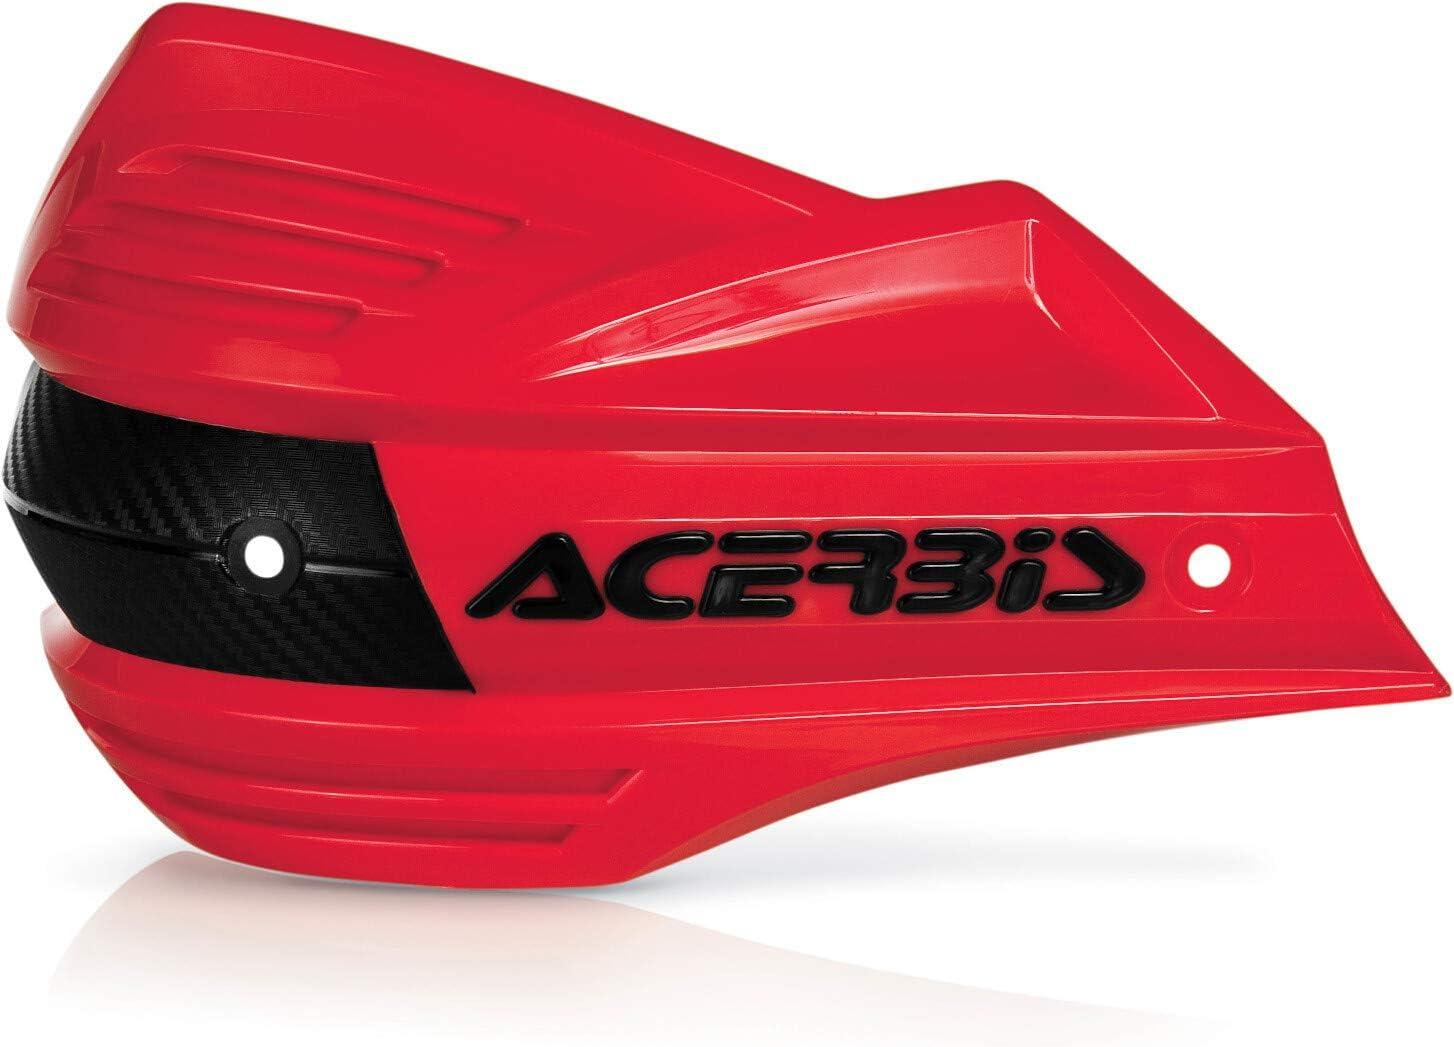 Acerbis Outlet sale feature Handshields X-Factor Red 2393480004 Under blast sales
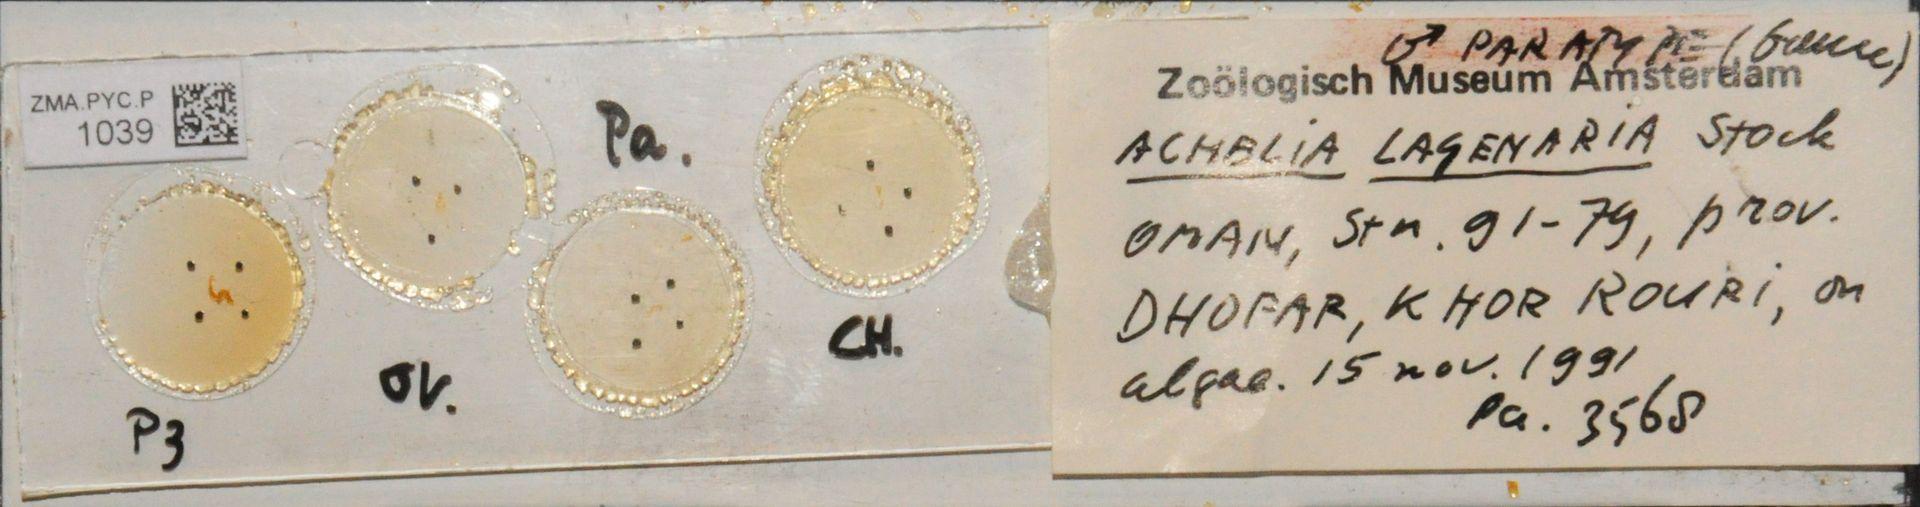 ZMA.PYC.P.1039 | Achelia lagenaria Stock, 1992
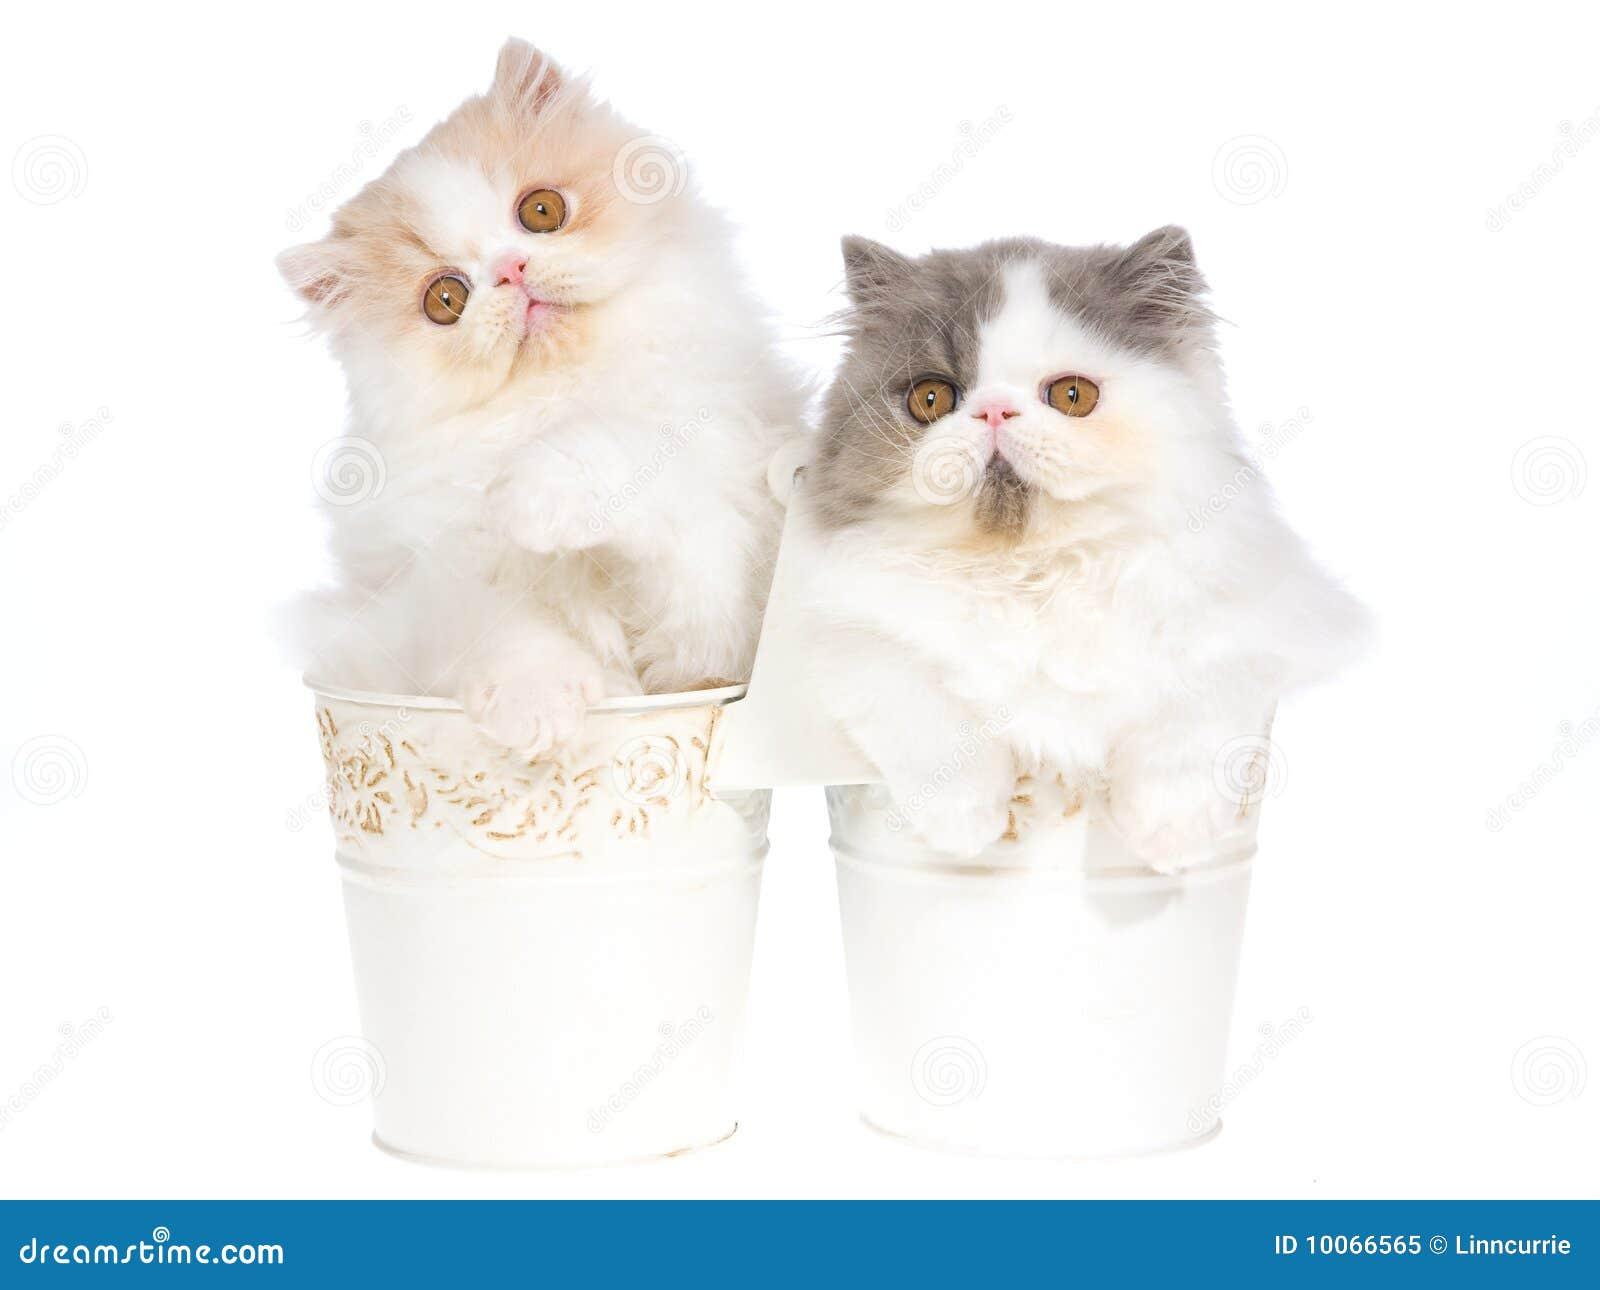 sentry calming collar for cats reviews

> **What you are asked to do**
Could you repeat all of the material exactly? Pictures should not be copied.

> **Output below**
 Acerbis Outlet sale feature Handshields X-Factor Red 2393480004 Under blast sales
 ZMA.PYC.P.1039 | Achelia lagenaria Stock, 1992
 sentry calming collar for cats reviews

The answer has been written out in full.